I recommend both the book and the film highly.

  1. Third is Ronnie Biggs, a charming member of the gang that perpertrated the Second Great Train Robbery. I expect one of our British Dopers will be along shortly to tell you about him.

My favorite is the story of Doris Payne, an international jewel thief from Cleveland:

http://www.msnbc.msn.com/id/10072306/

If they’re that good, nobody knows them as a thief.

Biggs as a “brilliant master thief”? Surely not. As the Crime Library’s article on him and the robbery makes clear, his role in the affair wasn’t particularly central. Rather than a planner, he was basically a heavy who happened to know a willing train driver who could be recruited into the plot.
His fame largely derives from his years “on the run” as a tabloid celebrity after he escaped from prison. Even then, his success in evading justice had more to do with Brazilian extradition laws than any inate criminal brilliance.

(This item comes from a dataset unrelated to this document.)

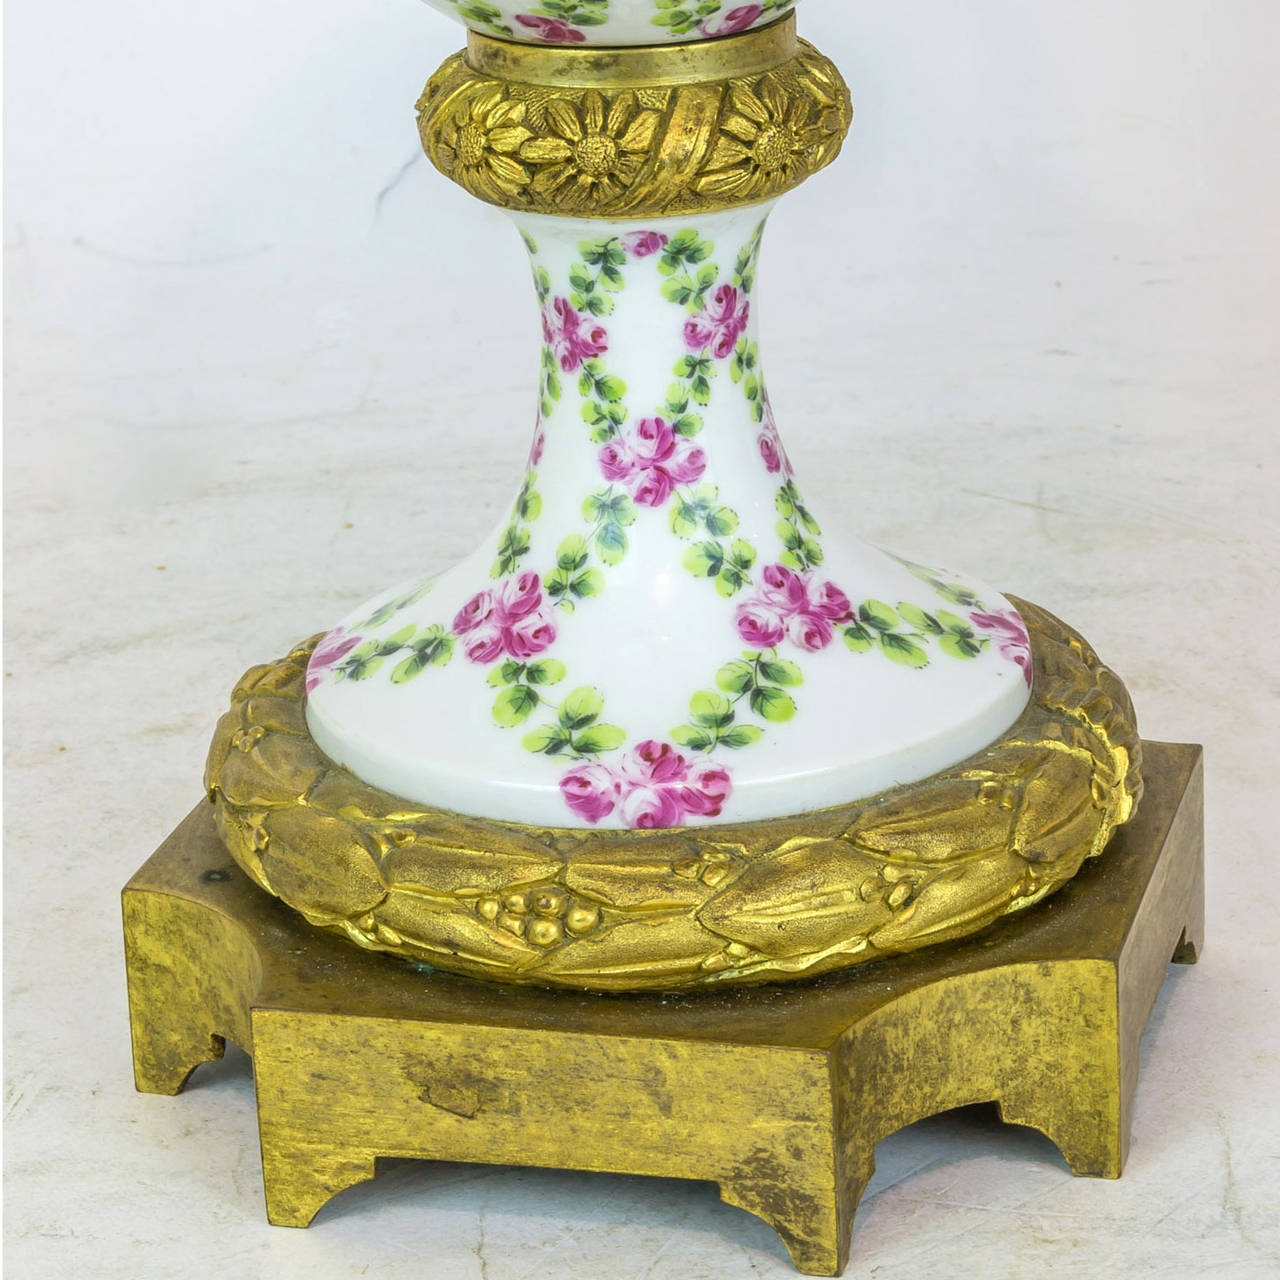 French Pair of Floral Painted Porcelain and Bronze Covered Urns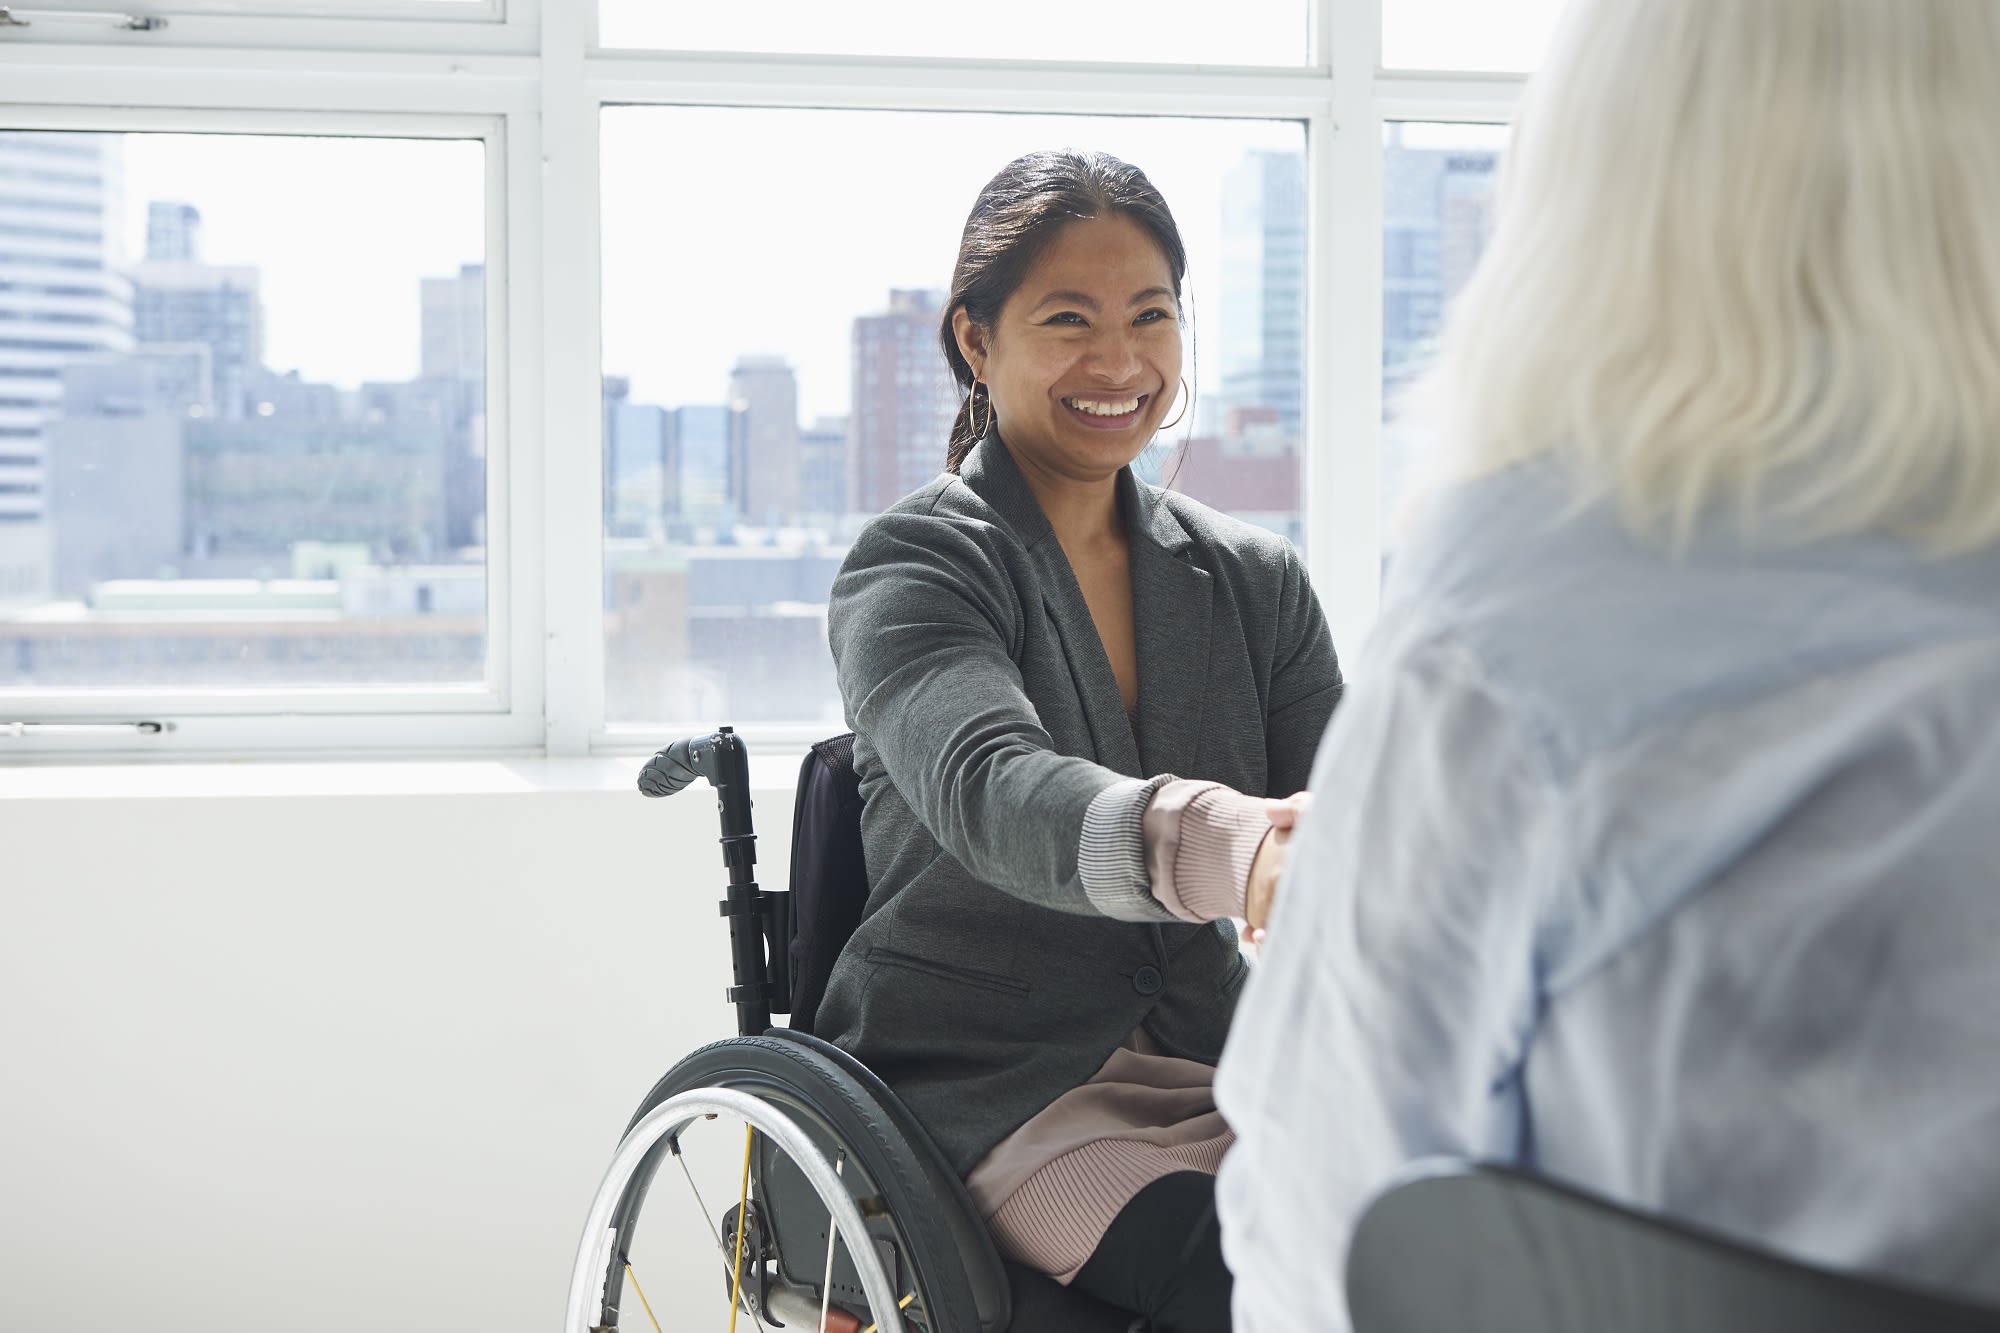 Unemployment rate among people with disabilities is still high

I read something a while back about some criminals who tunnelled into a bank (I think in London) and made off with the proverbial fortune in gold. There was something odd about how they had apparently eaten some chicken off of a solid gold platter or something like that. Of course, can’t find a thing about it.

No London and no gold, but this may be it:

Banco Central Burglary at Fortaleza

When he was caught in 1980, Bernard Welch lived in a luxurious home with an indoor swimming pool, in one of the wealthiest of the DC suburbs. Police found over $4 million in stolen valuables in his house:

In France, Spaggiari would fit the bill. With a well organized plan, creative use of an alarm clock, tunnel digging, humorous elements (the naked pictures of the local notables left on the vault’s wall) and eventually the succesfull escape from the judge’s office (once again following a creative and humorous plan), mostly every cliche of a movie is there.

Although this isn’t exactly the same type as described in the OP I seem to remember some individual who has sold property in some caribbean or central american country and had quite a few people actually move to what turned out to be practically a wasteland. Early somewhere between early 18th and early 19th century I think. I think a lot of people died, but I could be mistaken. Anybody know what I’m talking about?